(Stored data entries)
···

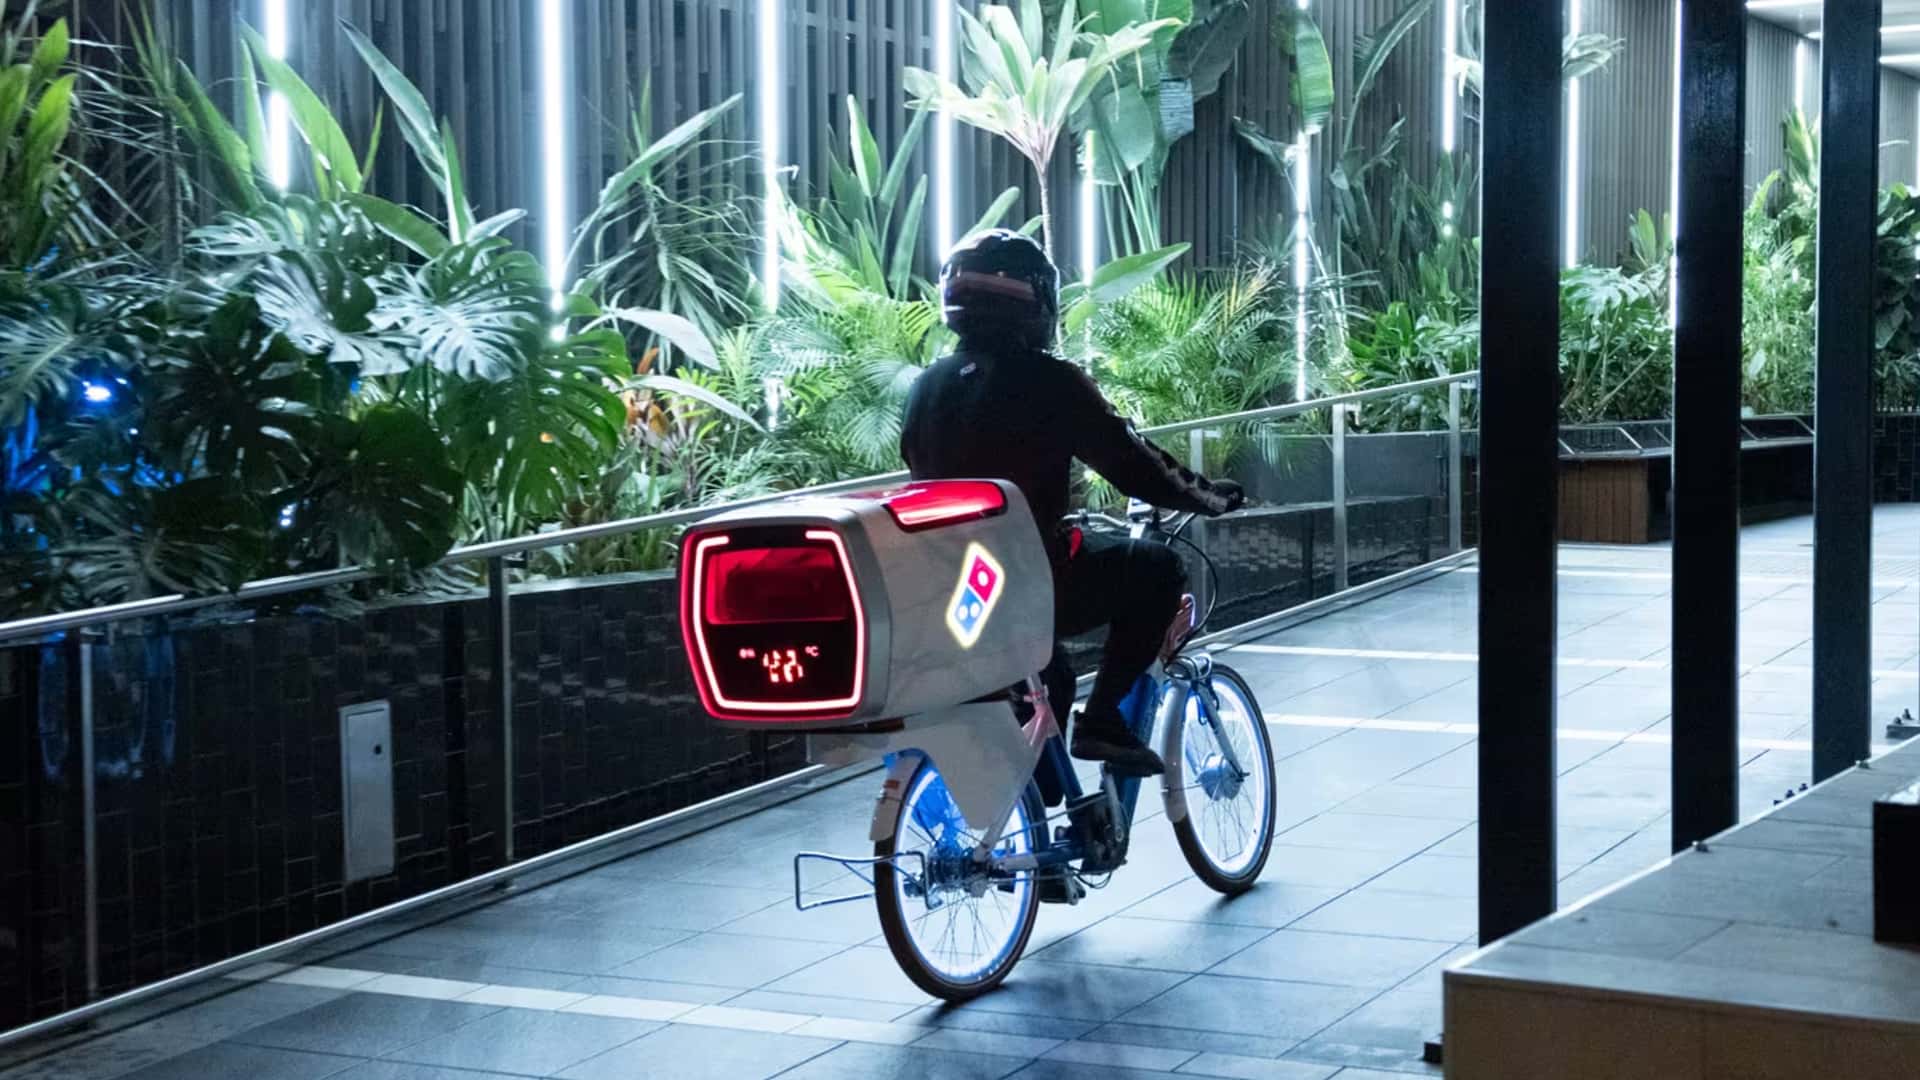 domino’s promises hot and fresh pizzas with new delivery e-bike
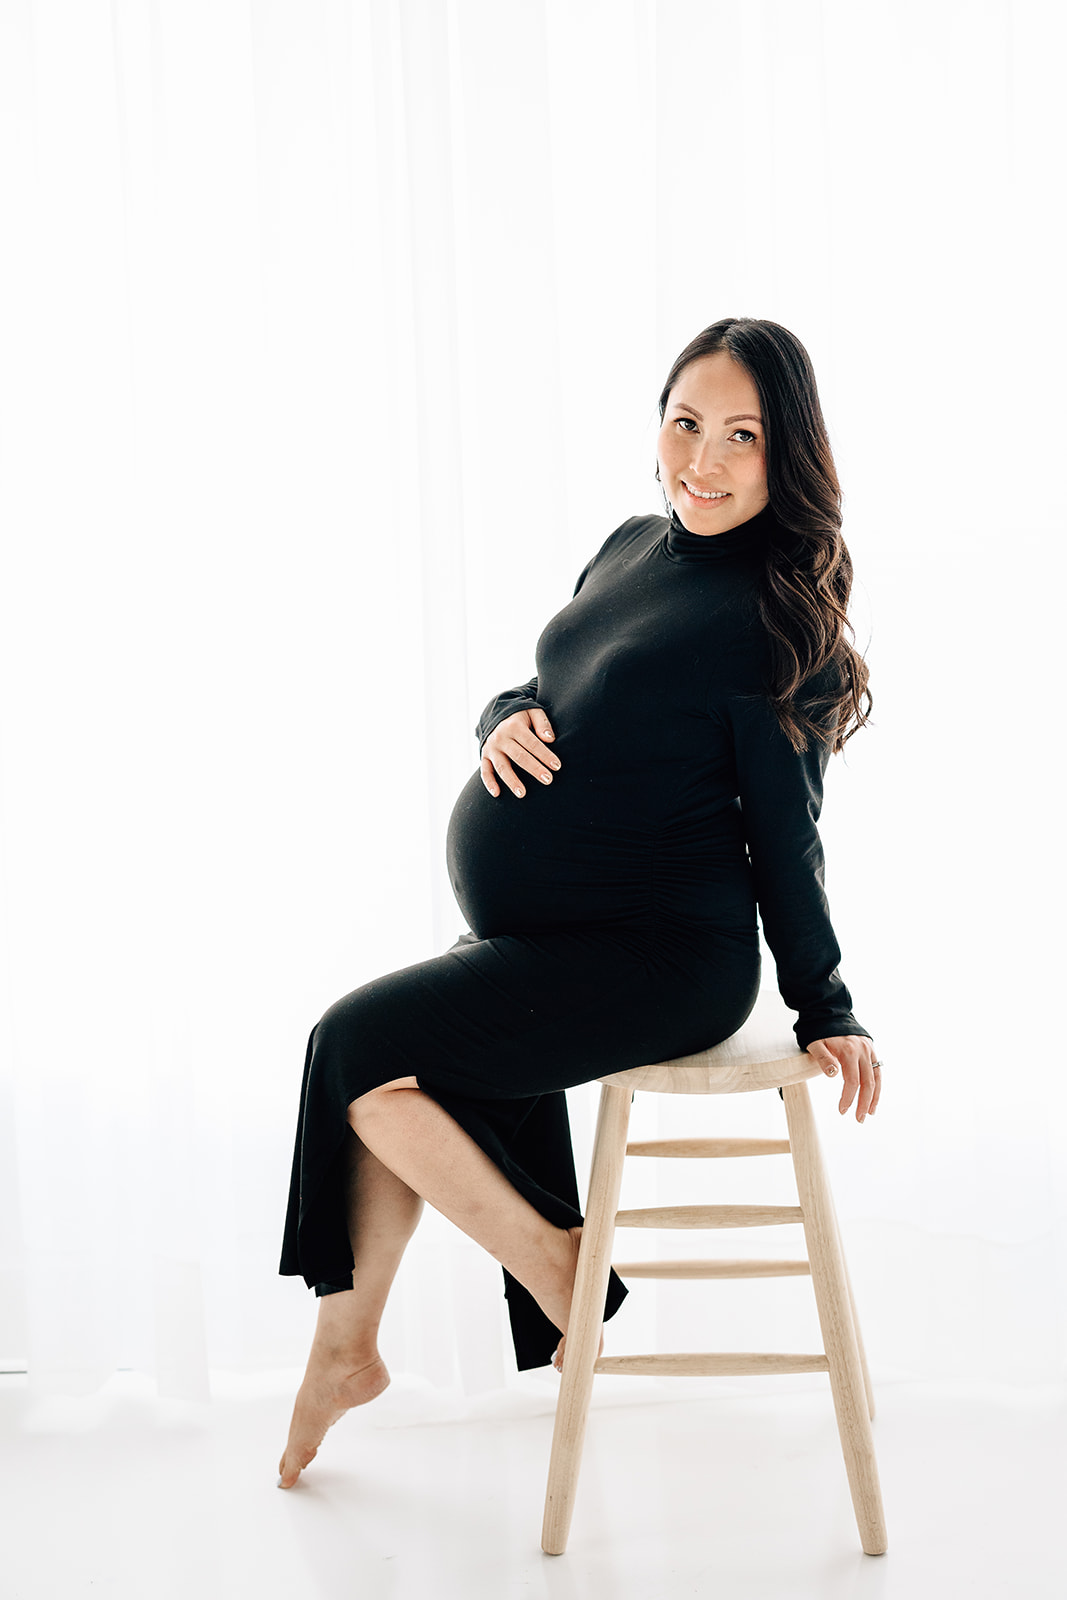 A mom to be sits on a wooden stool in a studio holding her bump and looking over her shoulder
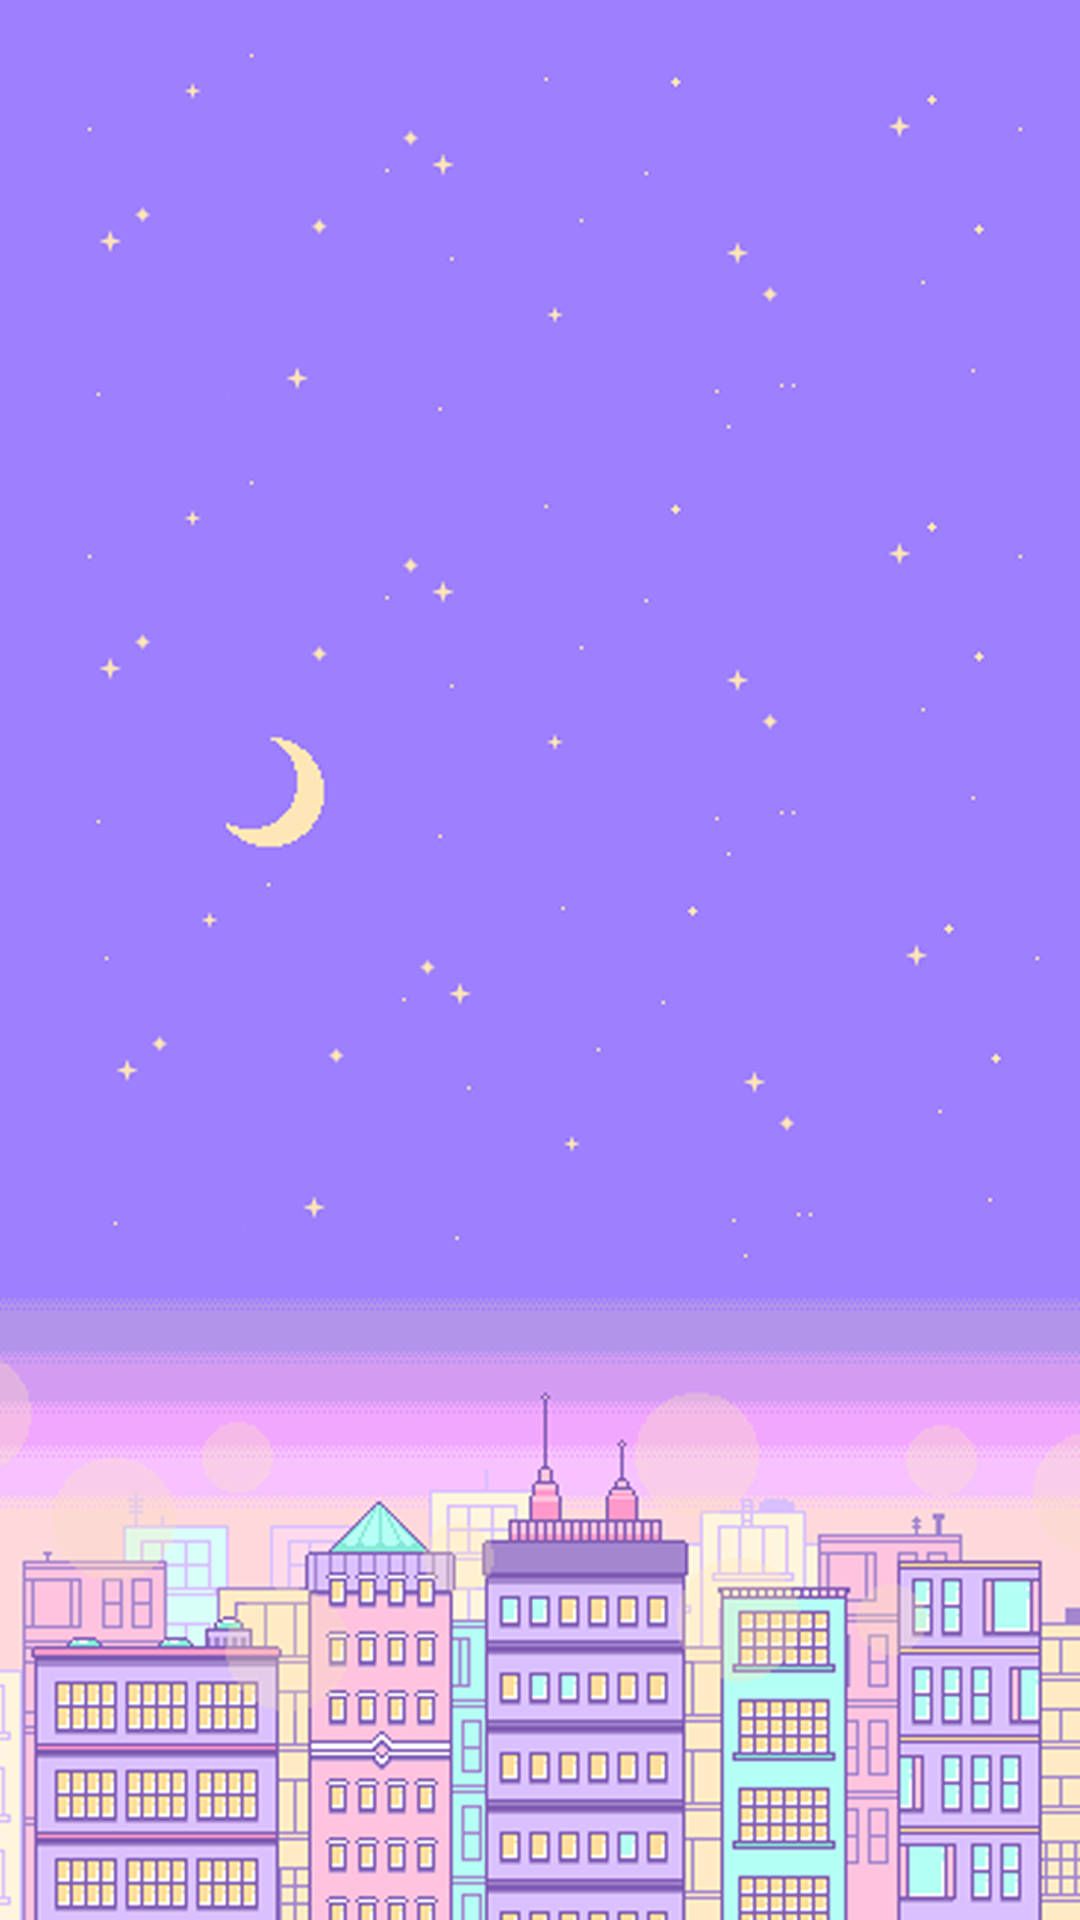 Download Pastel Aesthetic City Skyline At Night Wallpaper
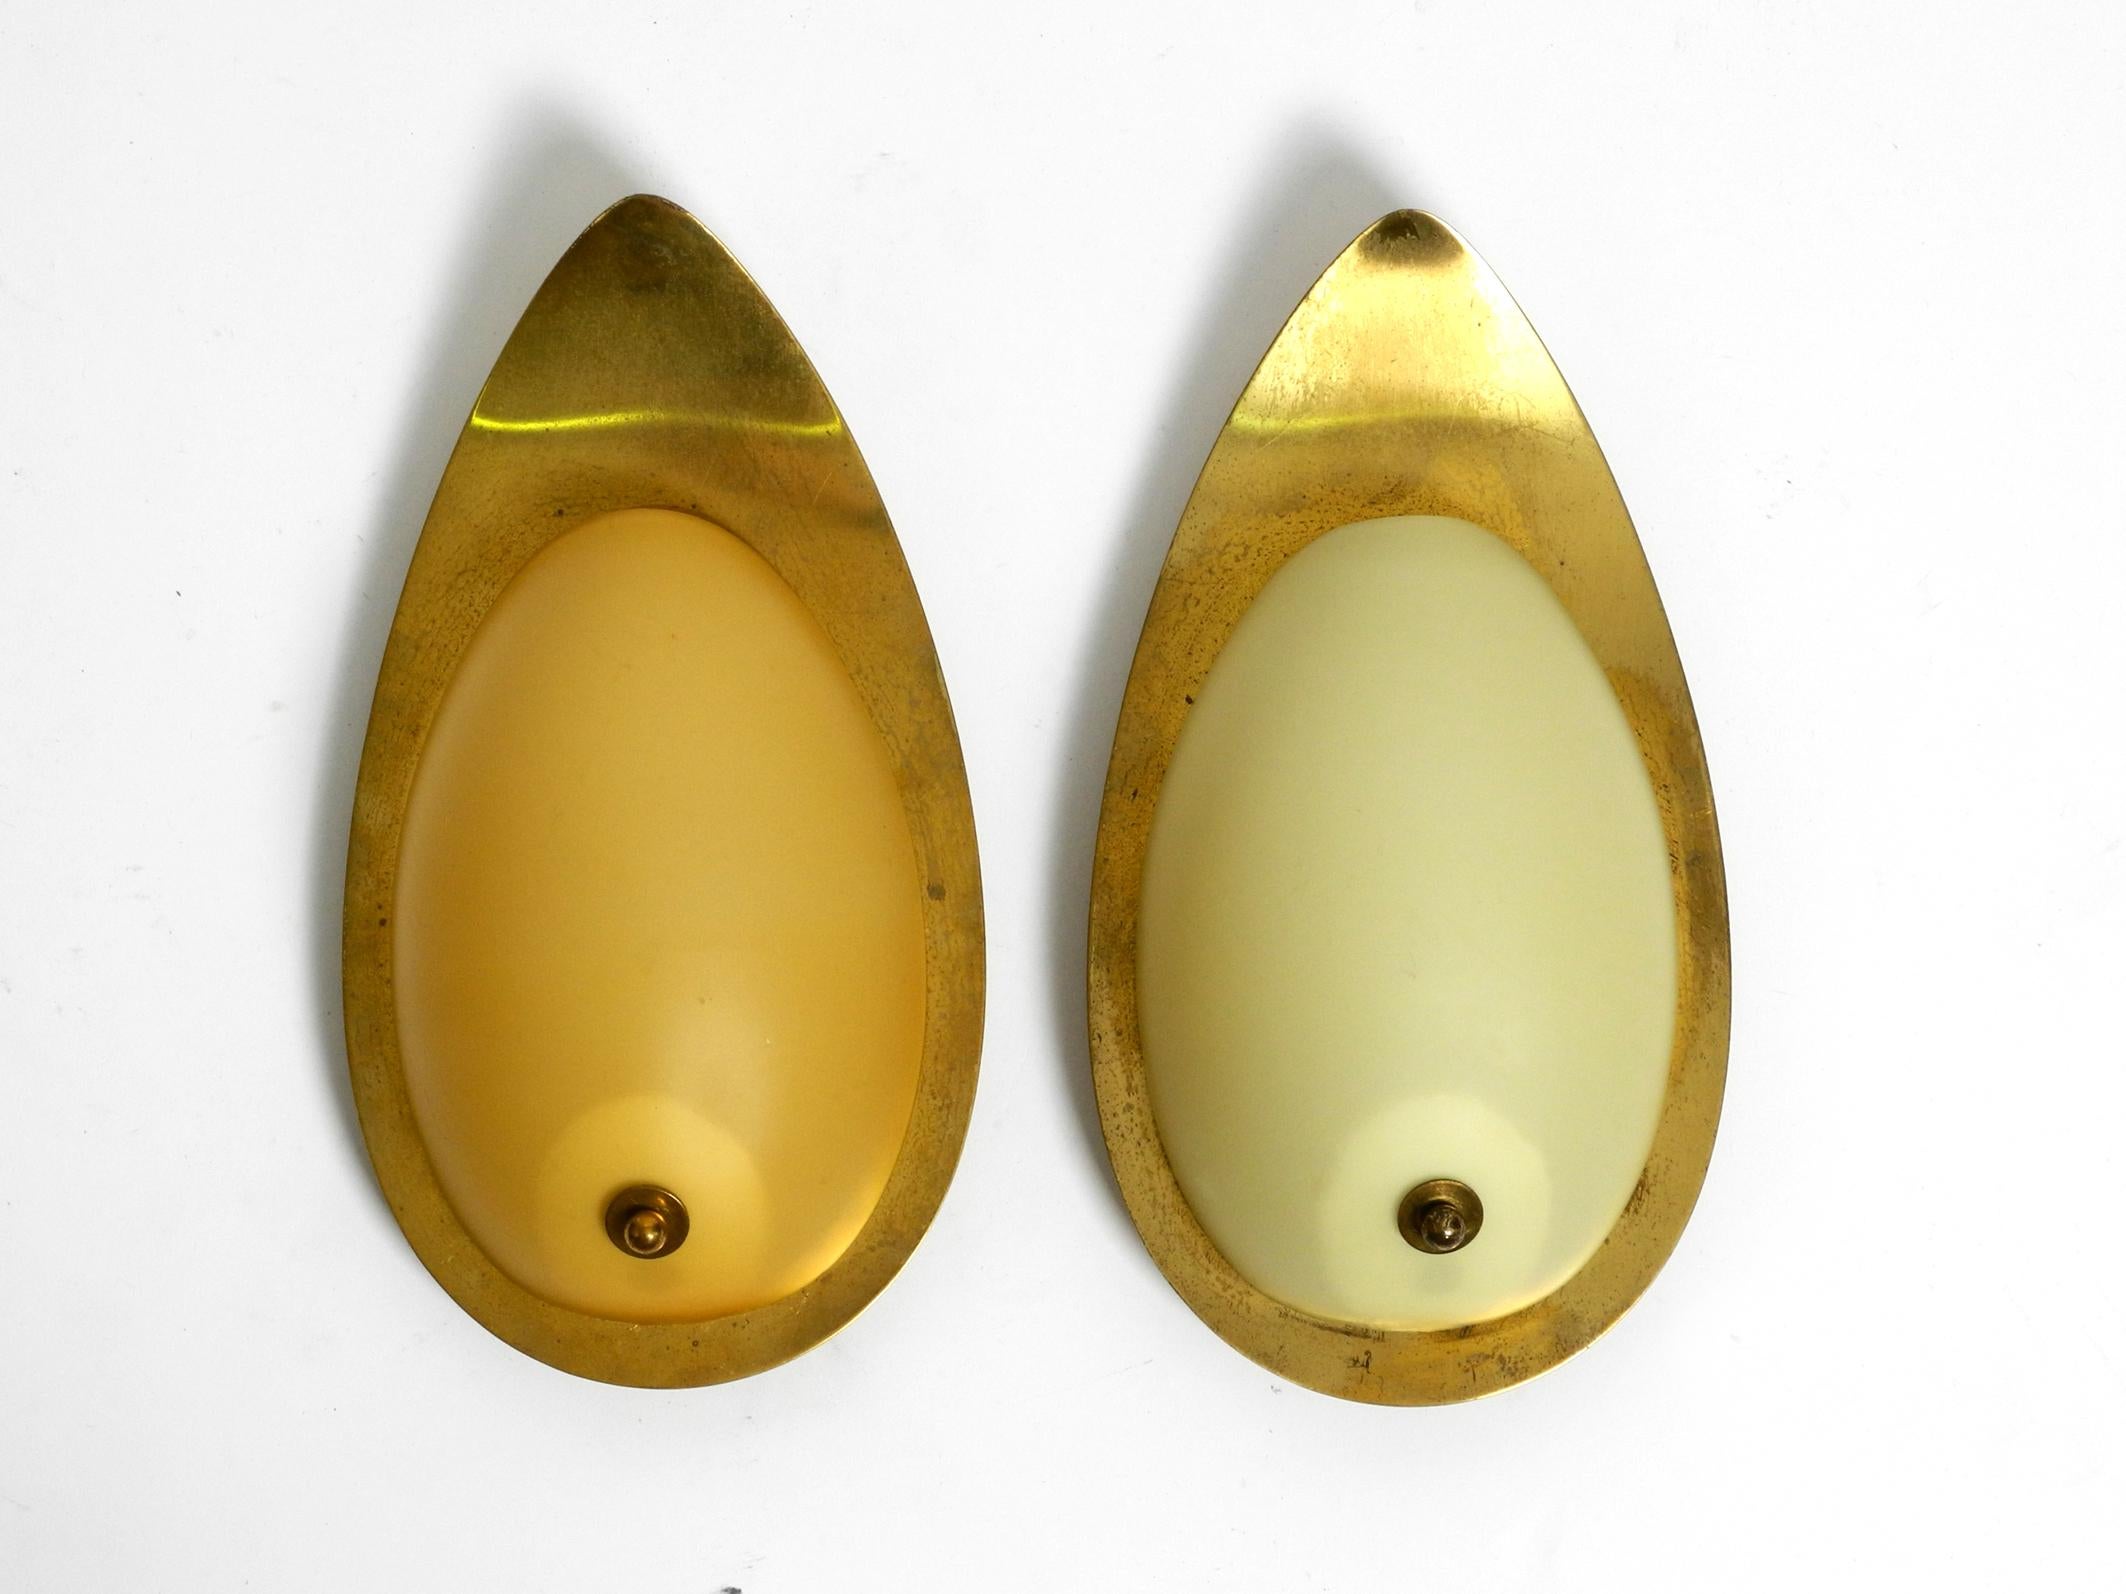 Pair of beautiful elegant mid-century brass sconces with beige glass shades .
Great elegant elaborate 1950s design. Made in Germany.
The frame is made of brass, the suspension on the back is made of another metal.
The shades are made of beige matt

···

Description of the task = Among the entries above, take the lines from the one with "A mom to be" through the one with "Pair of beautiful" and retype them exactly, leaving out the pictures.

Answer section =
 A mom to be sits on a wooden stool in a studio holding her bump and looking over her shoulder
 Download Pastel Aesthetic City Skyline At Night Wallpaper
 Pair of beautiful elegant mid-century brass sconces with beige glass shades .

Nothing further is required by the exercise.